Re: [Tutor] self.name is calling the __set__ method of another class

2019-04-30 Thread David L Neil

Hi Arup,


On 30/04/19 5:55 AM, Arup Rakshit wrote:

class NonBlank:
 def __init__(self, storage_name):
 self.storage_name = storage_name
 
 def __set__(self, instance, value):

 if not isinstance(value, str):
 raise TypeError("%r must be of type 'str'" % self.storage_name)
 elif len(value) == 0:
 raise ValueError("%r must not be empty" % self.storage_name)
 instance.__dict__[self.storage_name] = value

class Customer:
 name = NonBlank('name')
 email = NonBlank('email')
 
 def __init__(self, name, email, fidelity=0):

 self.name = name
 self.email = email
 self.fidelity = fidelity
 
 def full_email(self):

 return '{0} <{1}>'.format(self.name, self.email)
 
if __name__ == '__main__':

 cus = Customer('Arup', 99)

Running this code throws an error:

Traceback (most recent call last):
   File 
"/Users/aruprakshit/python_playground/pycon2017/decorators_and_descriptors_decoded/customer.py",
 line 25, in 
 cus = Customer('Arup', 99)
   File 
"/Users/aruprakshit/python_playground/pycon2017/decorators_and_descriptors_decoded/customer.py",
 line 18, in __init__
 self.email = email
   File 
"/Users/aruprakshit/python_playground/pycon2017/decorators_and_descriptors_decoded/customer.py",
 line 7, in __set__
 raise TypeError("%r must be of type 'str'" % self.storage_name)
TypeError: 'email' must be of type 'str'
Process terminated with an exit code of 1

Now I am not getting how the __set__() method from NonBlank is being called 
inside the __init__() method. Looks like some magic is going on under the hood. 
Can anyone please explain this how self.name and self.email assignment is 
called the __set__ from NonBlank? What is the name of this concept?

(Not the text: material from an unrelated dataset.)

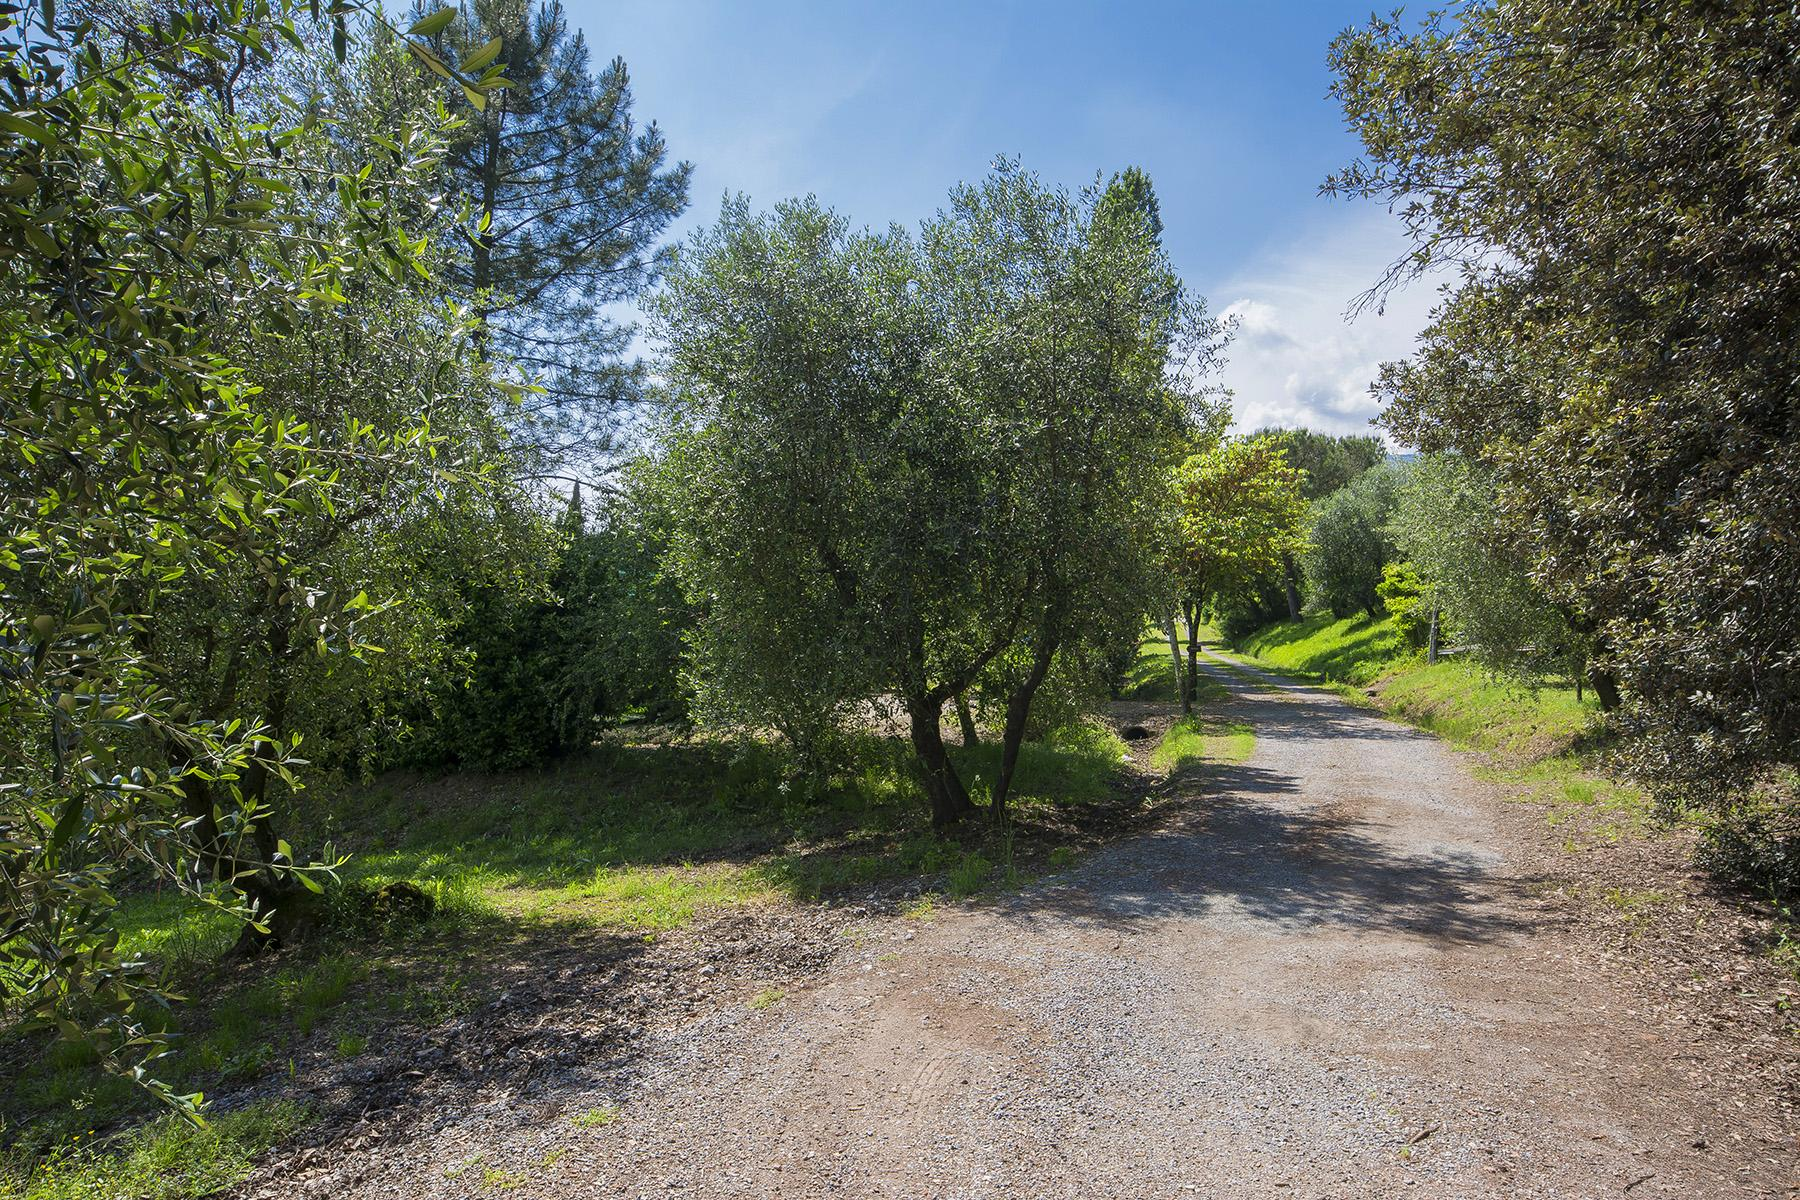 Pescia小山丘上美丽的乡间农舍 - 45

Use the tools provided - follow the Traceback and interpret each step:-

>  cus = Customer('Arup', 99)

means: instantiate a Customer object, which takes us to

>  def __init__(self, name, email, fidelity=0):

where:
- name is set to a string: 'Arup'
- email is set to an *integer*: 99, and
- fidelity is set to become another integer with a value of 0
(in the first instance)

Ignoring name, we arrive at

>  self.email = email

which *appears to be* the creation of an integer(!) within the cus 
Customer instance.


However (the "magic") when the module was loaded into the Python 
interpreter self.email has already been defined as:


>  email = NonBlank('email')

which means that:

>  def __init__(self, storage_name):
>  self.storage_name = storage_name

made it (past tense!) an instance of the NonBlank object with a 
storage_name of email. (and with a __set__ method).


So, returning to the Trace, specifically:

>File 
"/Users/aruprakshit/python_playground/pycon2017/decorators_and_descriptors_decoded/customer.py", 
line 18, in __init__

>  self.email = email

what now happens is that the self.email instance of a NonBlank object 
receives the value passed-in as email (ie 99), and invokes the method:


>  def __set__(self, instance, value):

In due course, we find that 99 is not an acceptable value:

>  if not isinstance(value, str):
>  raise TypeError("%r must be of type 'str'" % 
self.storage_name)


and thus:

> TypeError: 'email' must be of type 'str'
> Process terminated with an exit code of 1

Crash!


Of course it is a 'toy example' - when you could plug two 'is it a 
string' checks straight into Customer, why not keep-it-simple and do 
just that? - without the added abstraction on top of an abstraction!


However, the author is illustrating a useful tool - should you find a 
situation where the 'checks' are much more involved or complex.



(NB in addition to, not an alternative to, the discussions Steven has 
offered)


Given previous conversations, I'm not surprised that you were mystified. 
The fact that I had to read it twice, and that the above explanation is 
NOT a 'straight line', indicates that there is probably a better (more 
simple) approach - and one which is MUCH more likely to be understood by 
our Python programming colleagues (possibly including our 'future selves'!)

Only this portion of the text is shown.